Sure, Gary. Well, first of all, we were really pleased with the growing dealer participation in Accutrade as well as the improving appraisal volume. It's showing what we believe is a very durable trend of dealers realizing that sourcing cars directly from customers is a far more profitable strategy than traditional or legacy auctions. And so that realization is helping every dealer recreate the advantage of creating more inventory in their own service lane which increases our supply, and then also it creates demand within their own dealership because now their customers need new cars. And so we think this is a very durable strategy that dealers are adopting. You're seeing dealers talk more at 20 groups about how they can source more cars directly. And we've got the tooling to enable them to do that at scale and on a very low cost basis. When you think about the cost of an Accutrade subscription, it dwarfs what buying cars at auctions is. is costing the industry so so again very healthy trends on dealer adoption and appraisal volume i think dealer club obviously complements this this strategy which is enabling dealerships to trade cars amongst themselves as a collective as opposed to paying you know the the mighty toll booth operator the physical auction and so dealer adoption on dealer club we're pleased with it As you know, it's very early stage. We're barely getting started here with Dealer Club, but we're pleased with the initial momentum that the platform is generating on a very low cost basis because it's part of our platform strategy, meaning that we're leveraging the infrastructure that we have today in-house. Dealers are pleased that now we're showing them their aged inventory from our marketplace. in the club and they can immediately launch those cars to a wholesale auction with limited to no additional data entry and so stay tuned we're going to continue to invest in the product platform and give dealers more tooling that makes their their workflow even easier but very pleased with the initial momentum both with accutrade and dealer club okay thank you
Your next question is from Rajat Gupta from JP Morgan Chase. Please go ahead.

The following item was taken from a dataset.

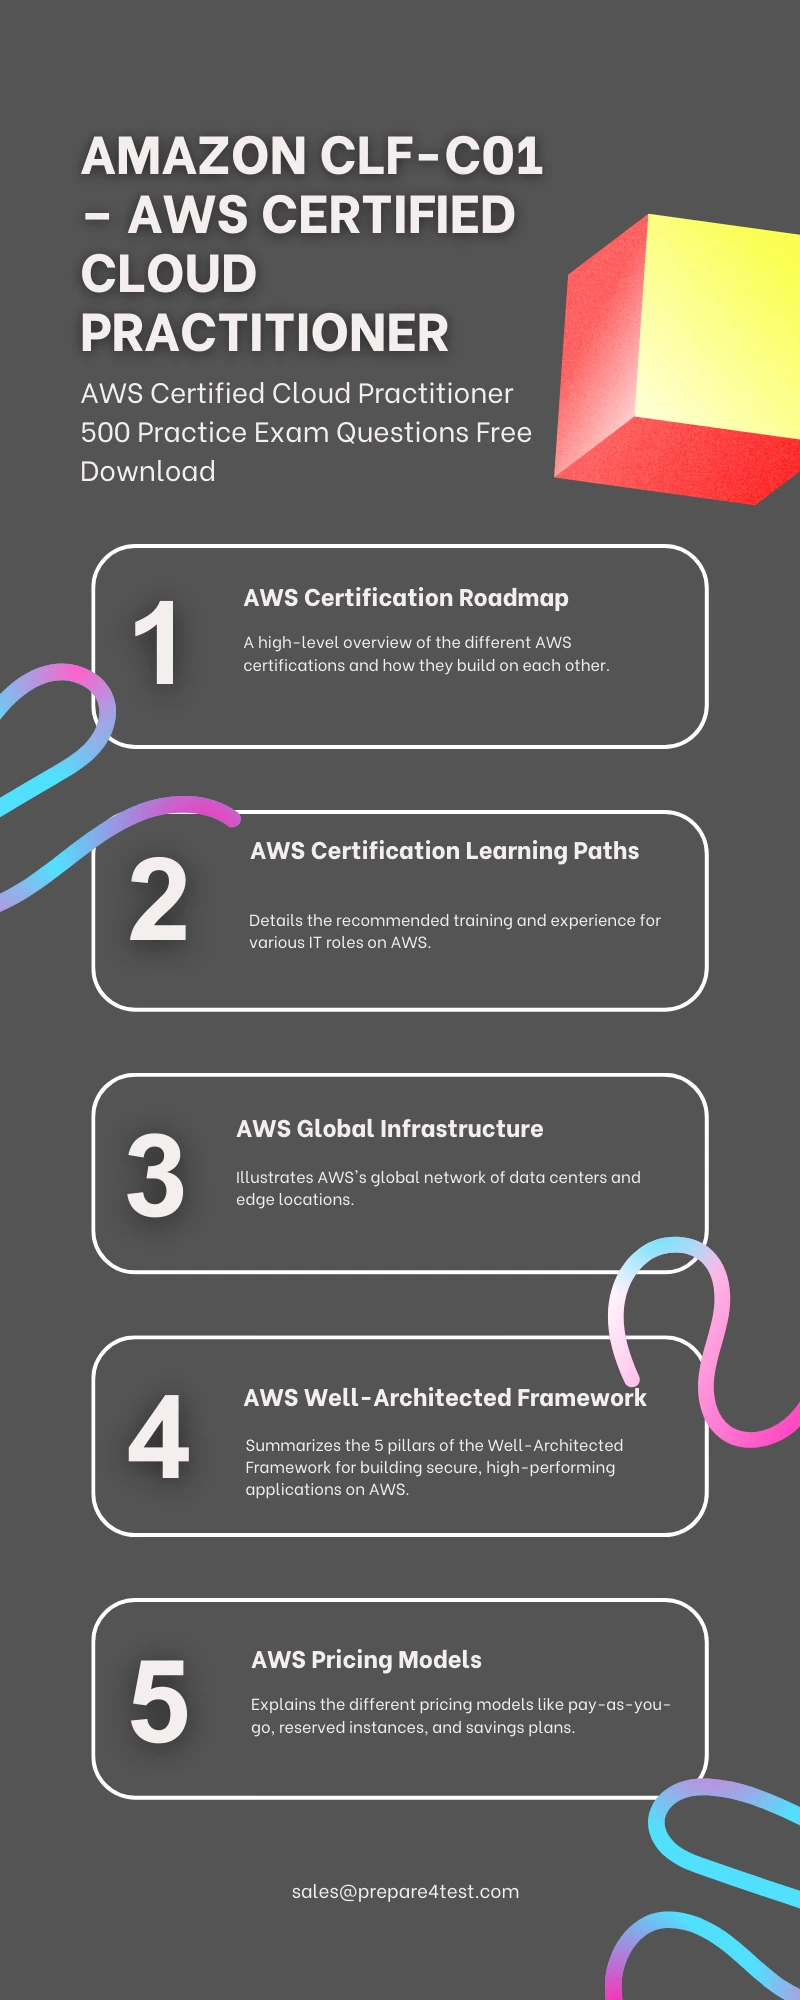 AWS Certified Cloud Practitioner 500 Practice Exam Questions Free Download Infographic

Hi, thanks for asking the questions. I had one broader question on the competitive landscape. You know, one of the peers recently announced their intention to go private. You know, we've had some tough results from, you know, some of our other public peers on the marketplace side, you know, the auction side and the used car side. I'm just curious that if you're observing any changes in the competitive landscape, you know, be it pricing, you know, be it more adjacent players maybe participating in the market. I'm curious if anything has taken a step change in recent months that you're seeing. And if anything, like, how are you planning to navigate that? And I have a quick follow-up.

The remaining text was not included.